- _Data_:
Content starts
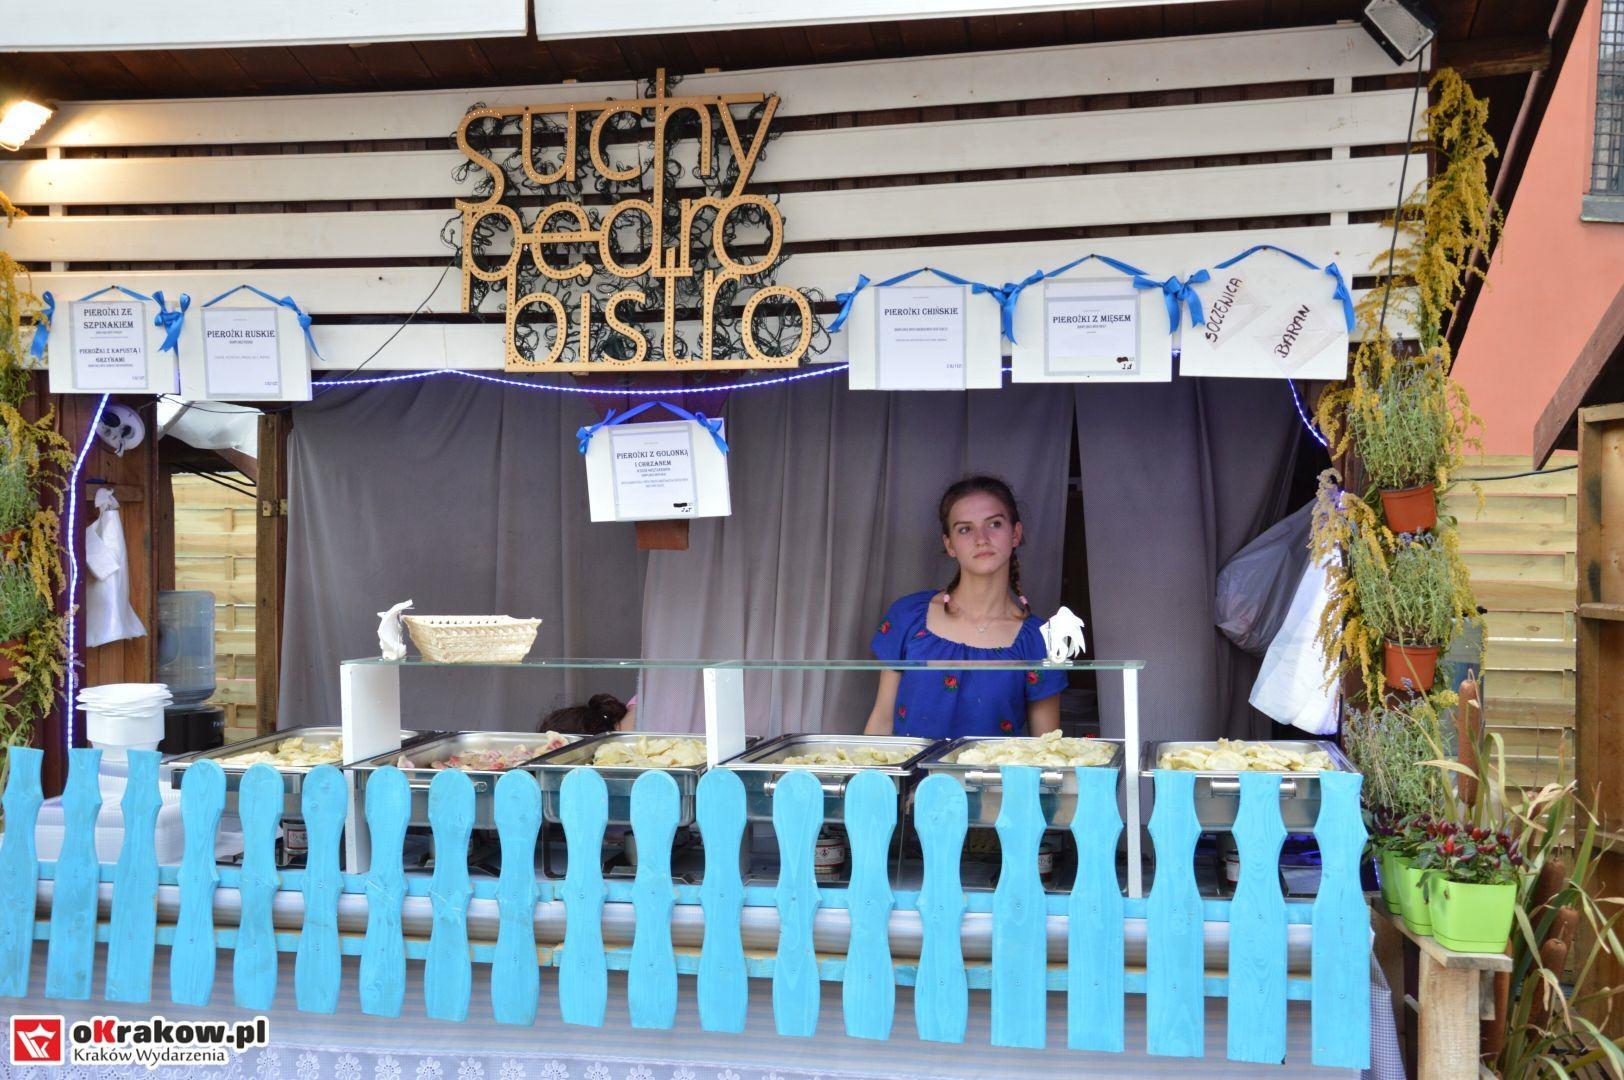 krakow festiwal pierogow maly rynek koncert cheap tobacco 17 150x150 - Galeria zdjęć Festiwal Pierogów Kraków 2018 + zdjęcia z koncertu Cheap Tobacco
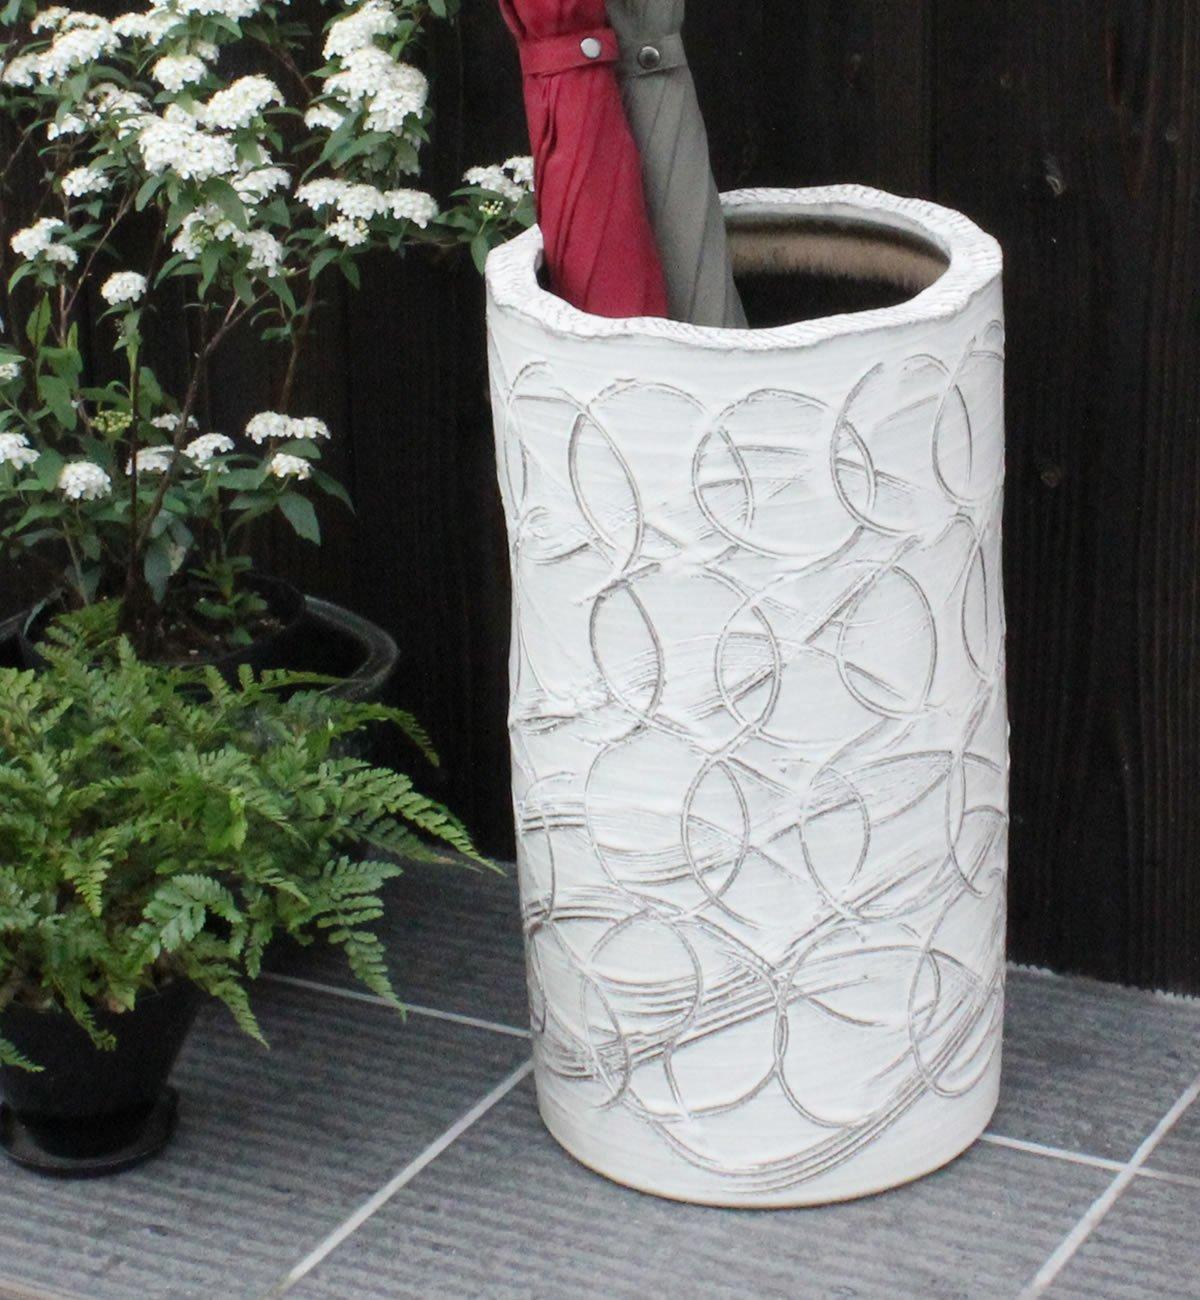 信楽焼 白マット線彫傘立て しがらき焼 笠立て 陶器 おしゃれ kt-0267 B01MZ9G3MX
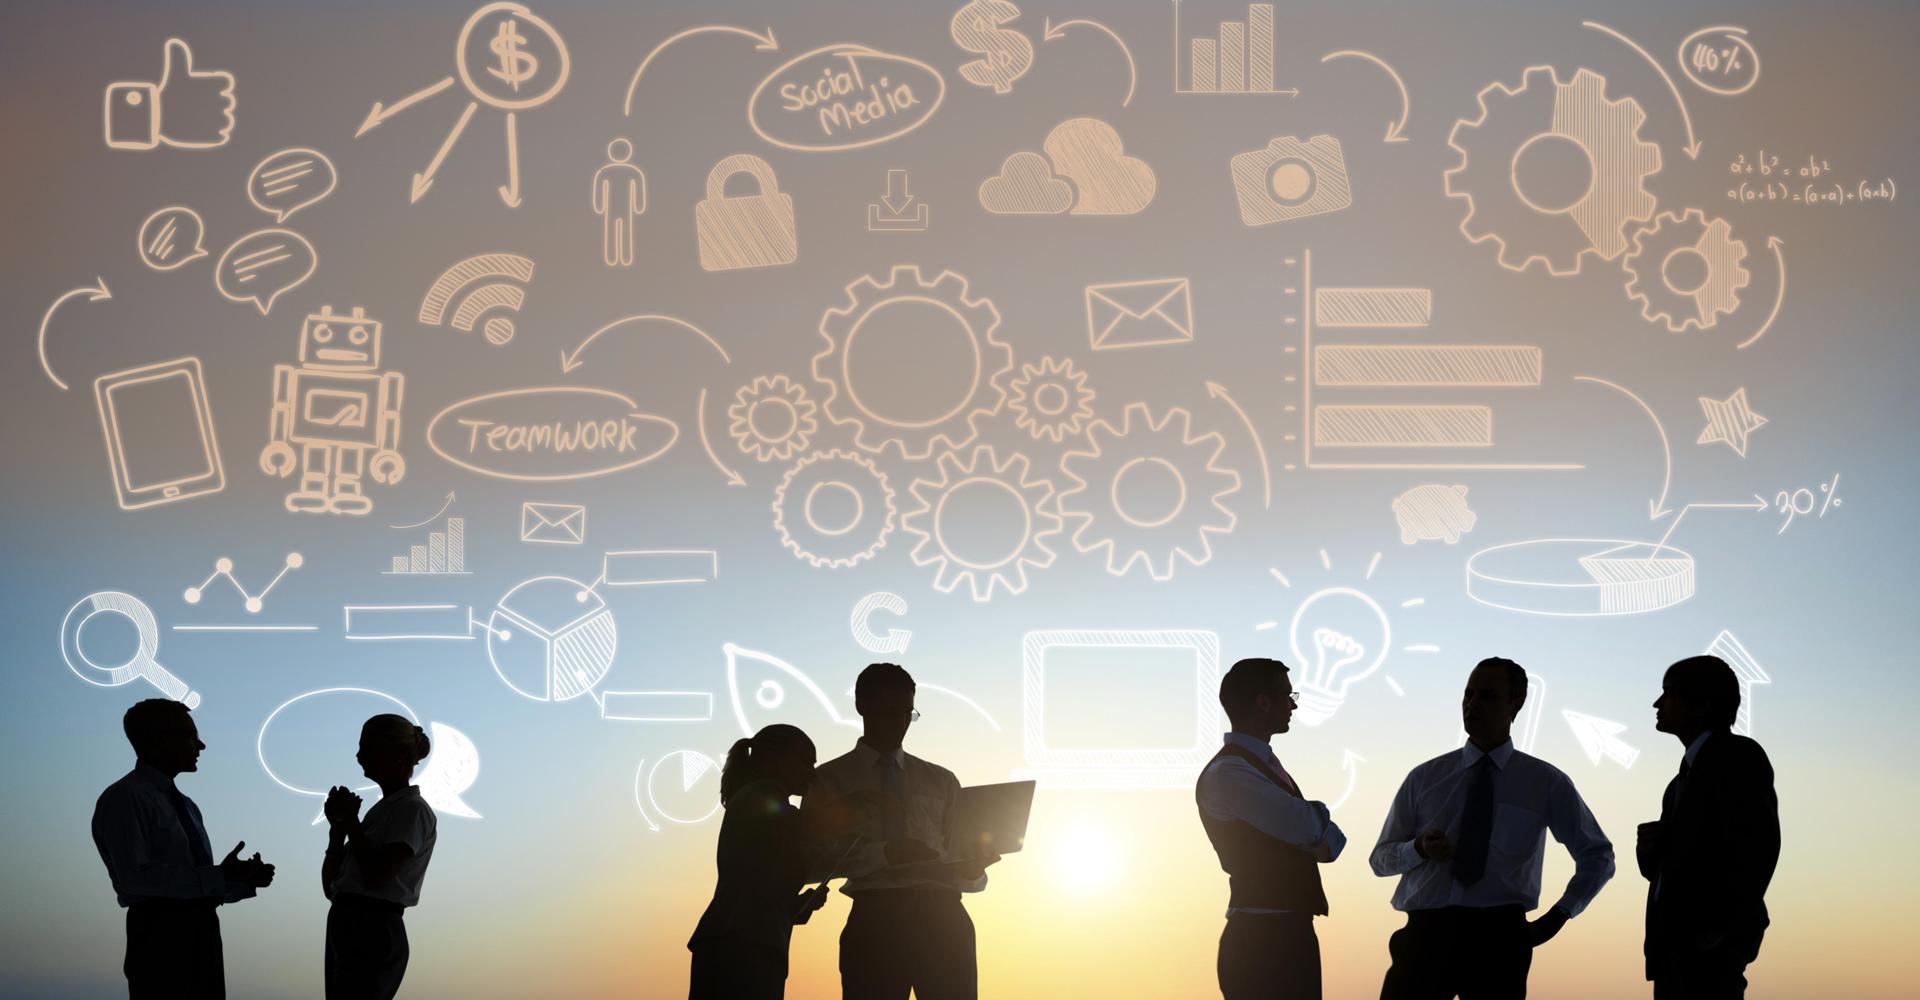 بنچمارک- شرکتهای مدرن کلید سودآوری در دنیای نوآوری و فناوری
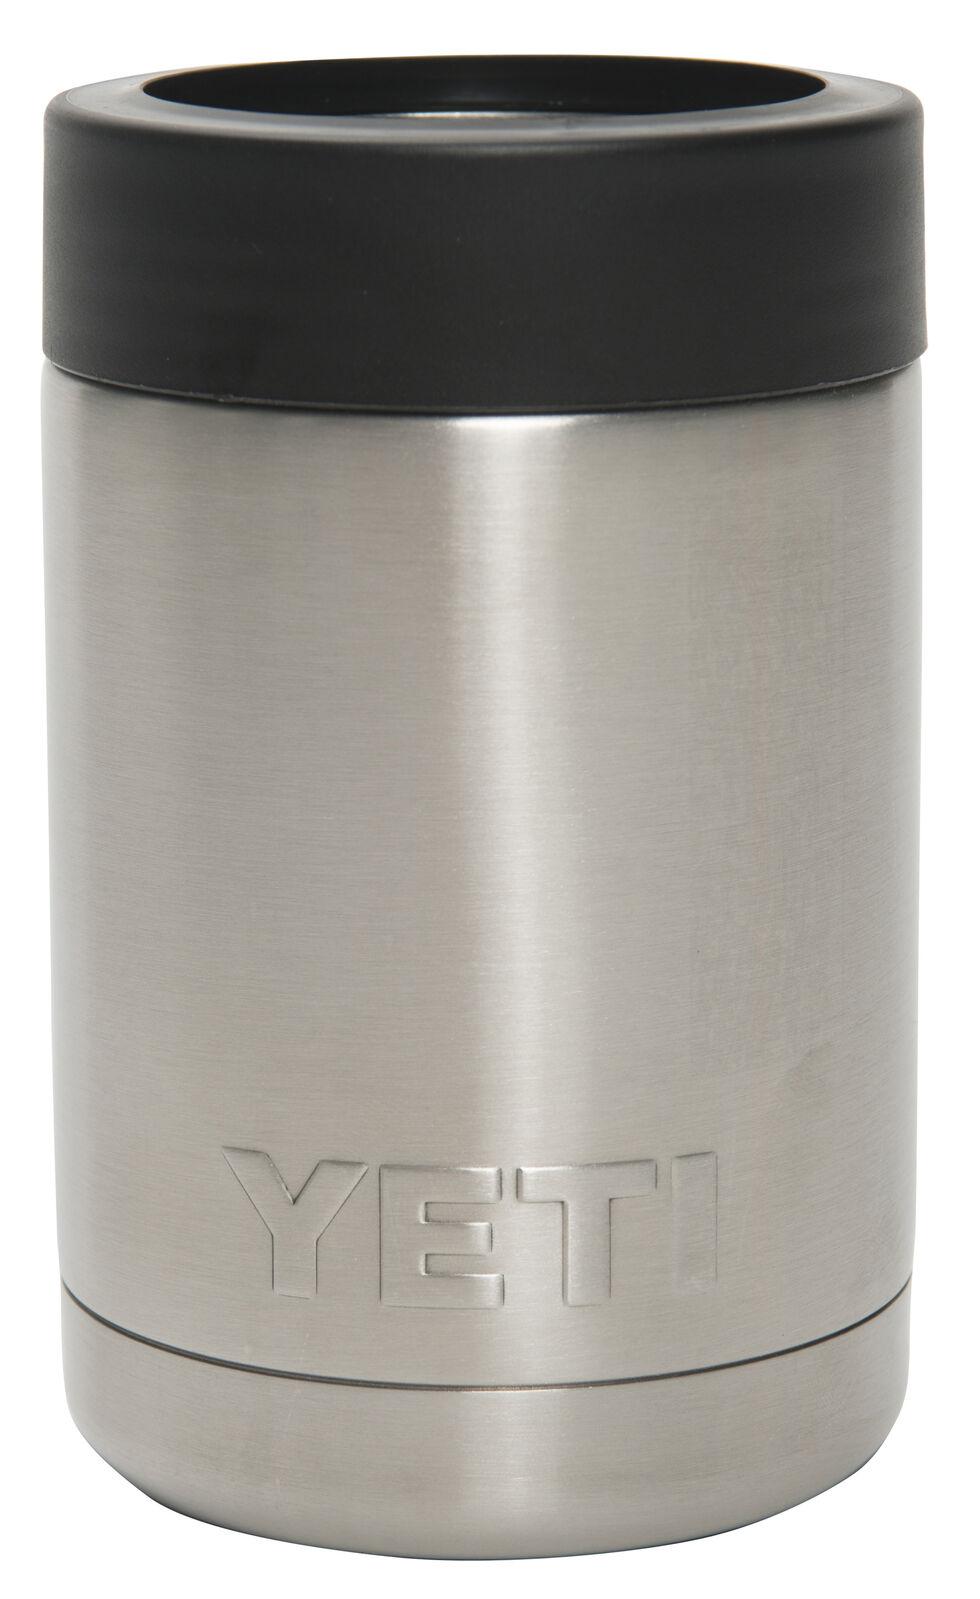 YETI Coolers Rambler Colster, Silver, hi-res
Content ends
Everything in the data above, apart from the pictures, should be retyped exactly.

 krakow festiwal pierogow maly rynek koncert cheap tobacco 17 150x150 - Galeria zdjęć Festiwal Pierogów Kraków 2018 + zdjęcia z koncertu Cheap Tobacco
 信楽焼 白マット線彫傘立て しがらき焼 笠立て 陶器 おしゃれ kt-0267 B01MZ9G3MX
 بنچمارک- شرکتهای مدرن کلید سودآوری در دنیای نوآوری و فناوری
 YETI Coolers Rambler Colster, Silver, hi-res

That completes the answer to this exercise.